_TASK:_ With the pictures left out, write out exactly the lines of the listing below that run from the line with "MONACO N° 832" through the line with "Chanel Black Lambskin".

_AVAILABLE DATA:_
● ● ● ● ●

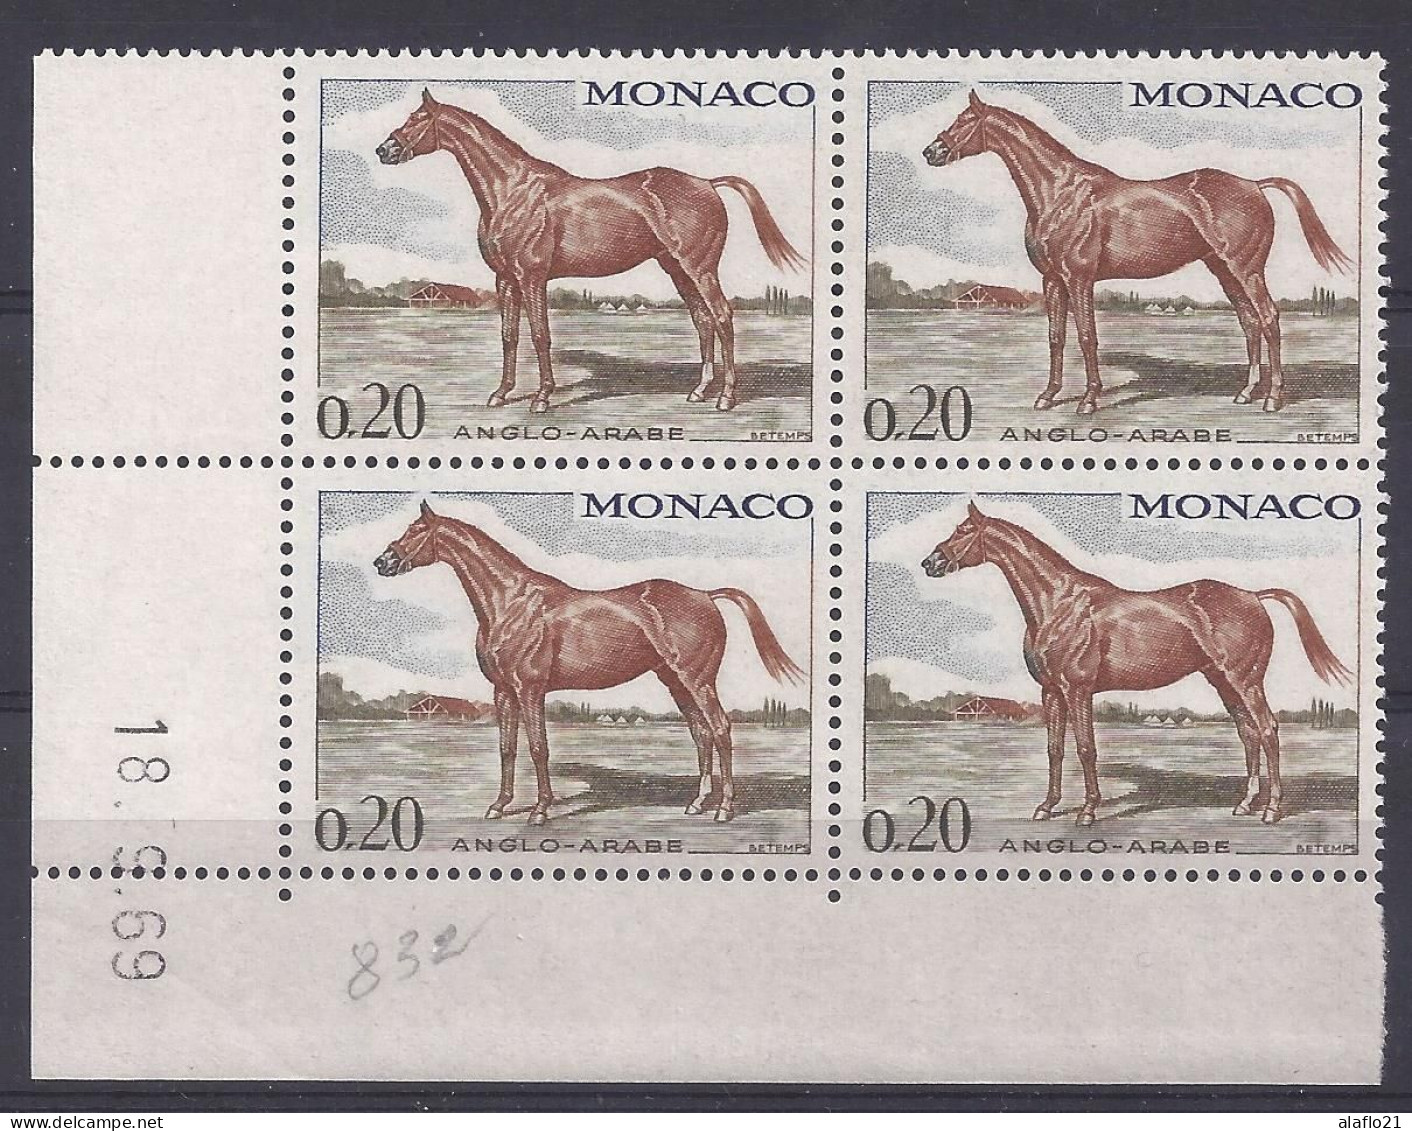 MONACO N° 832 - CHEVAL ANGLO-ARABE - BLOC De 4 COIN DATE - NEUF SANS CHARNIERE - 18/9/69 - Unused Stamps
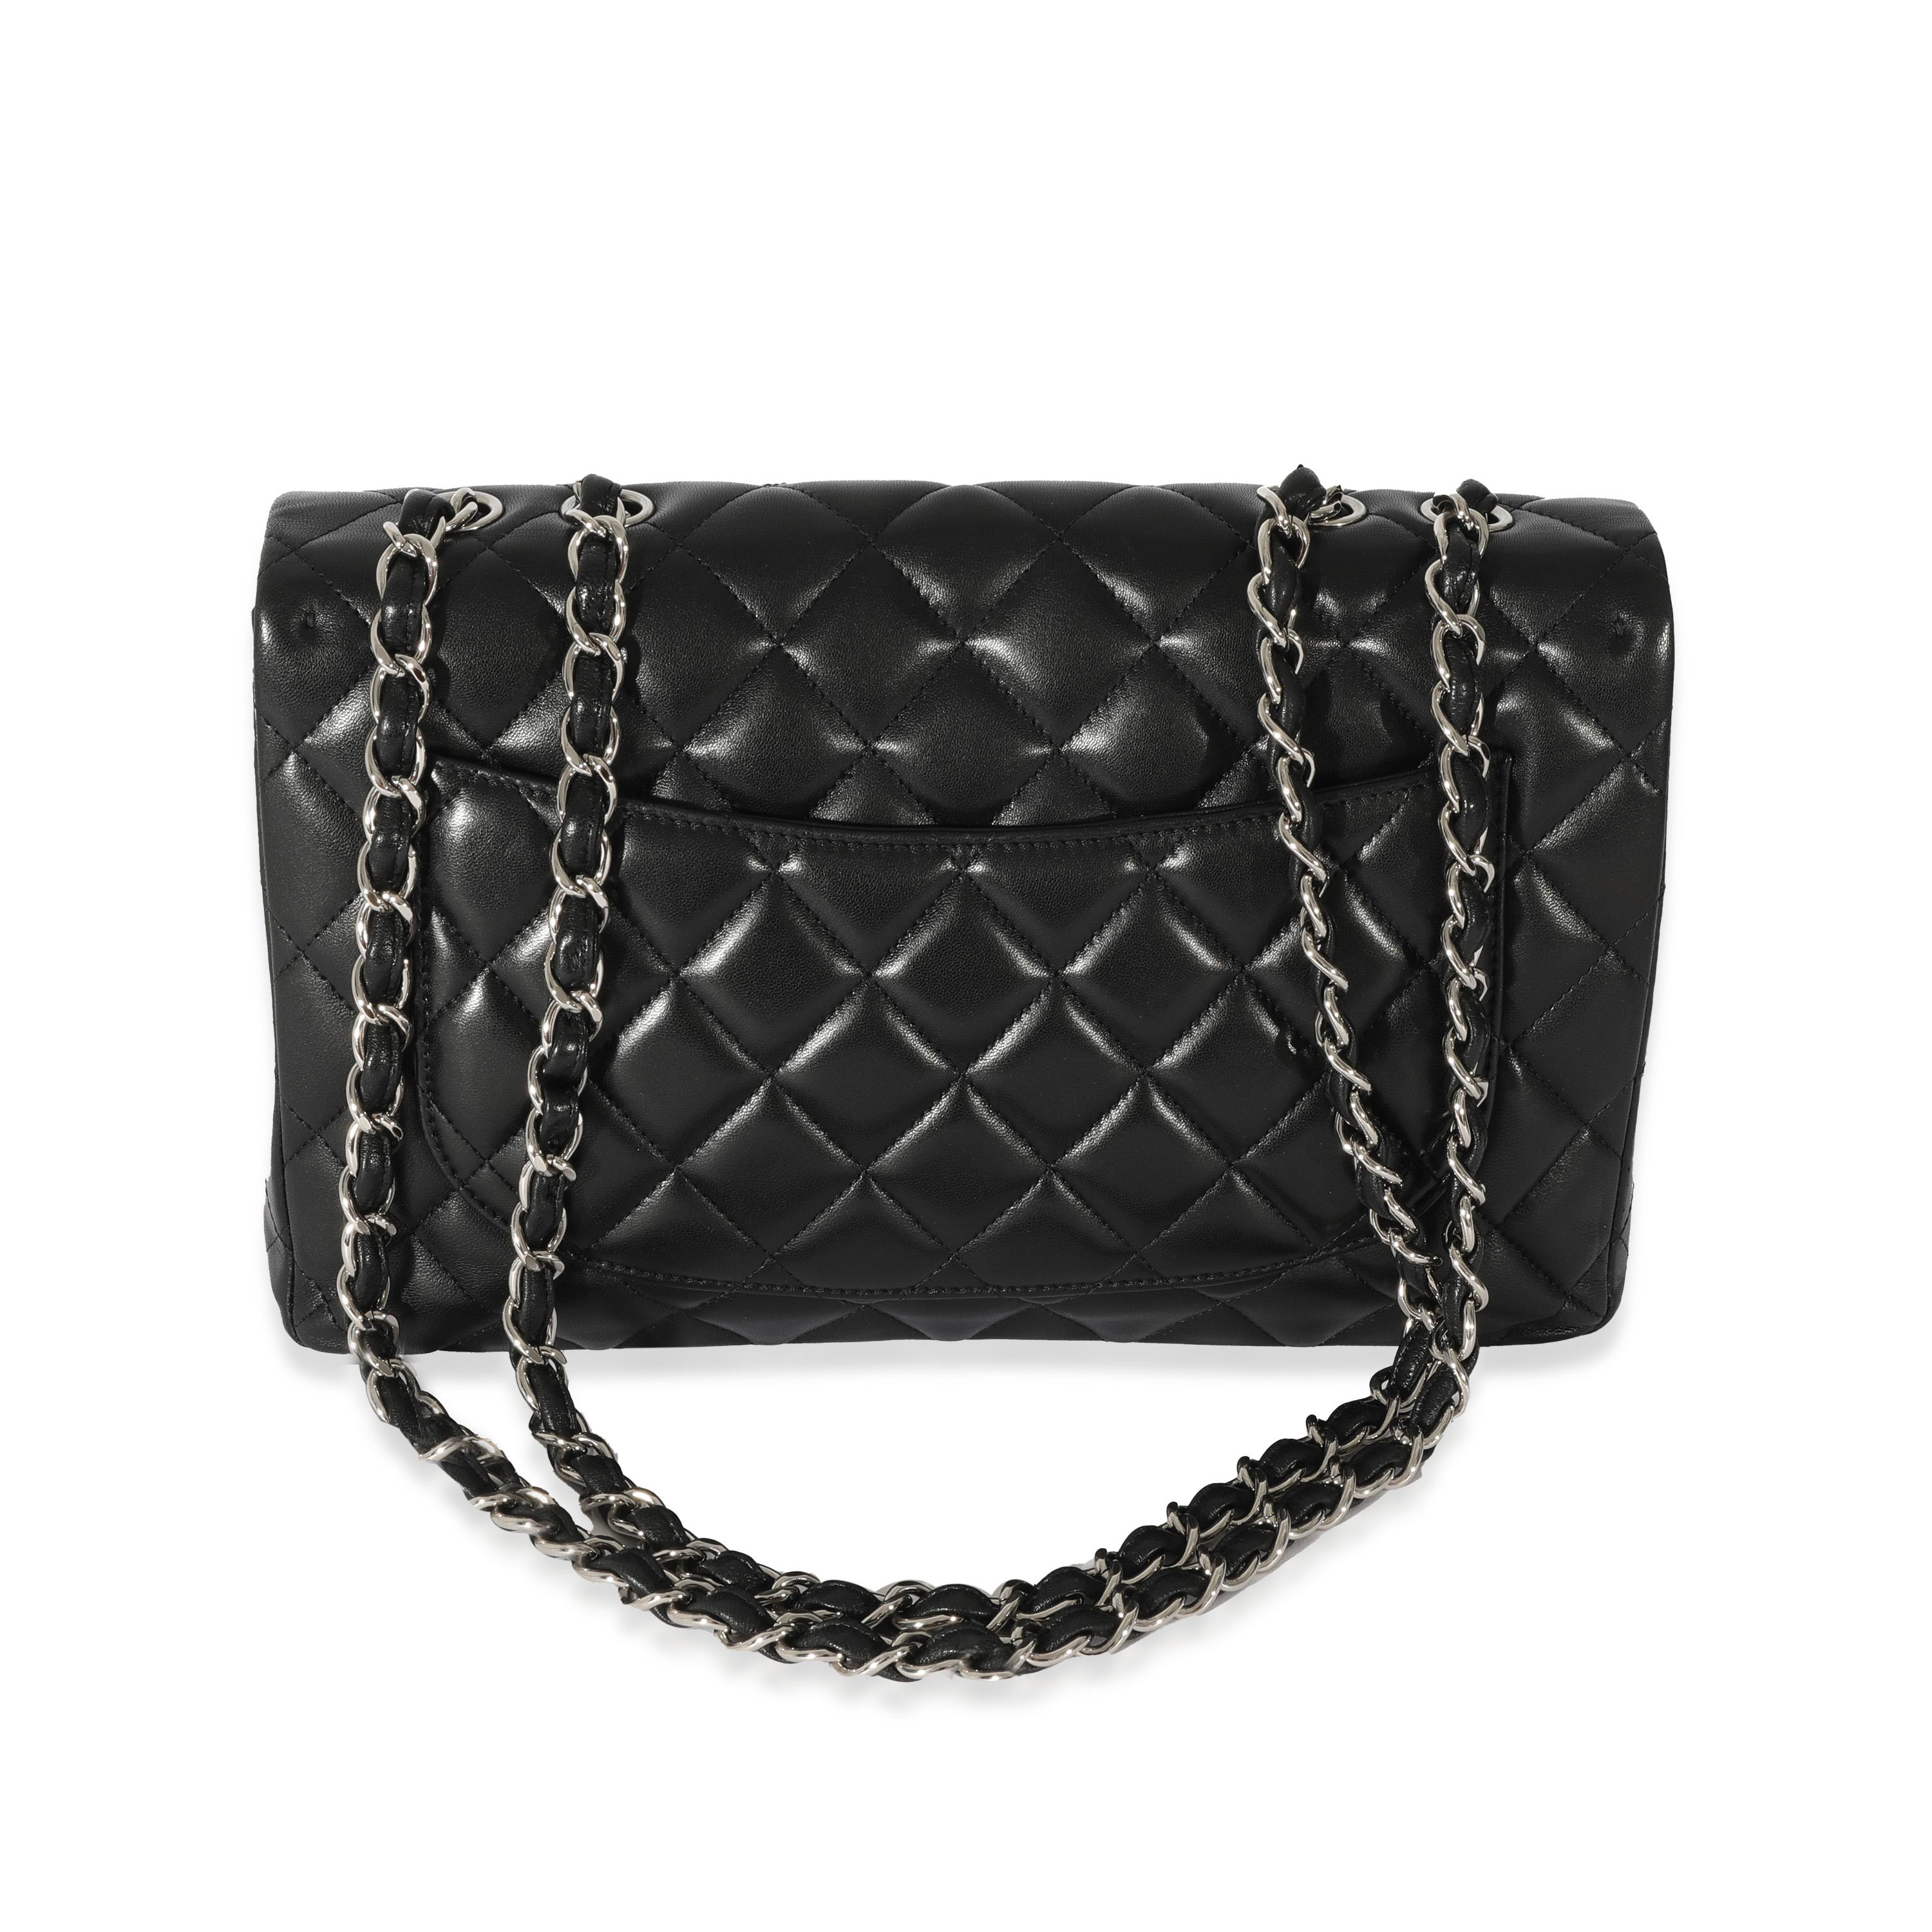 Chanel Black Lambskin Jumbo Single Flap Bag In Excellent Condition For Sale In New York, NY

● ● ● ● ●

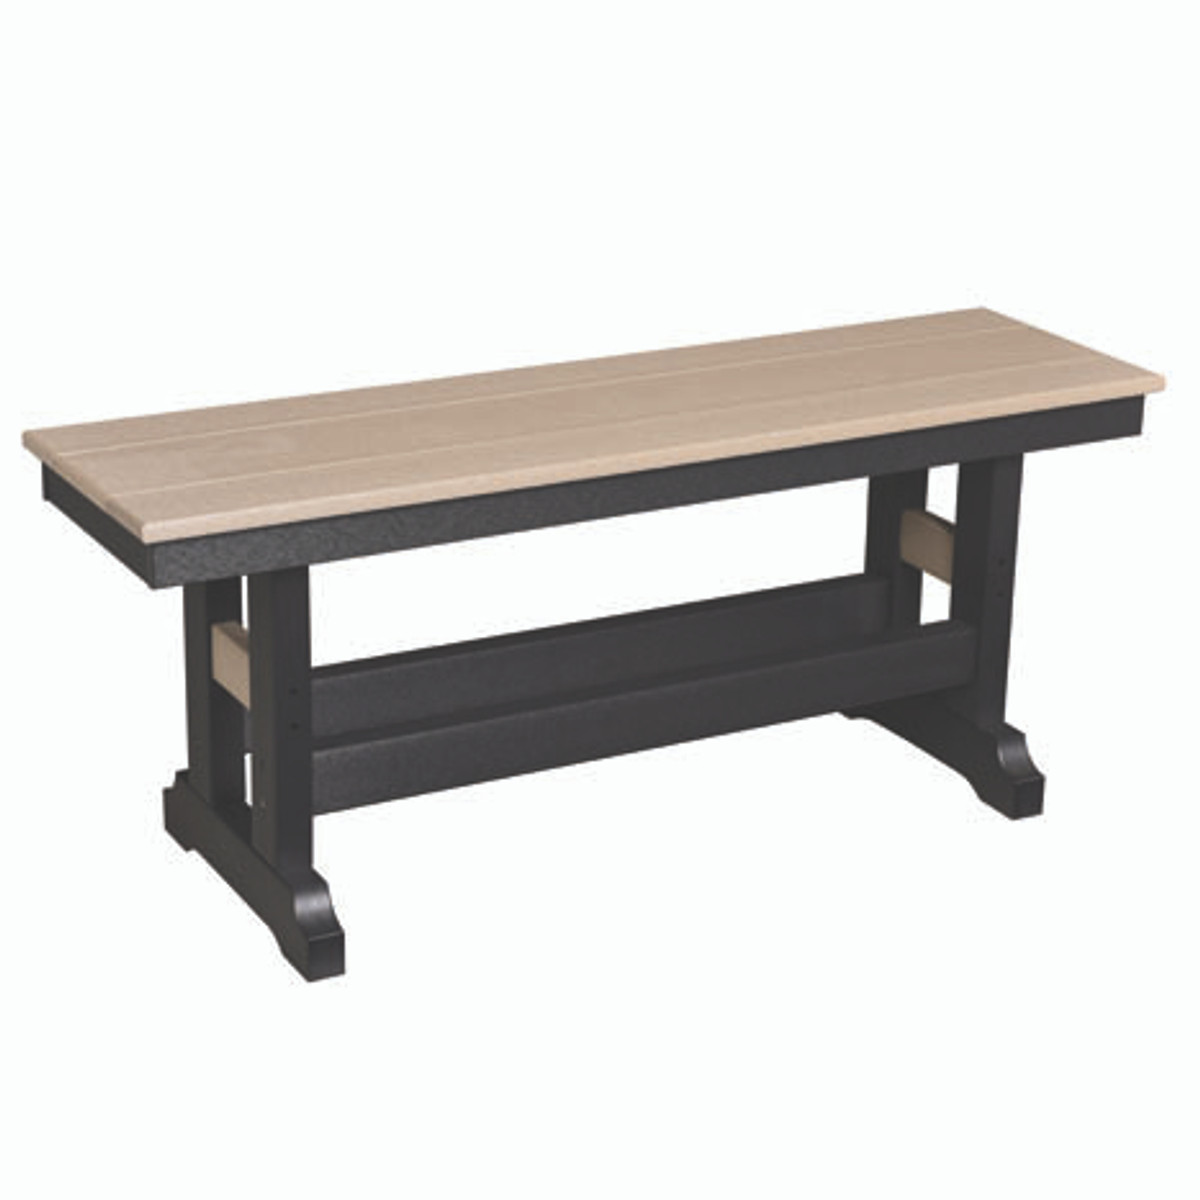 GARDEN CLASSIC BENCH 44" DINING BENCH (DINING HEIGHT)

● ● ● ● ●

_RESULT BELOW:_
 MONACO N° 832 - CHEVAL ANGLO-ARABE - BLOC De 4 COIN DATE - NEUF SANS CHARNIERE - 18/9/69 - Unused Stamps
 Chanel Black Lambskin Jumbo Single Flap Bag In Excellent Condition For Sale In New York, NY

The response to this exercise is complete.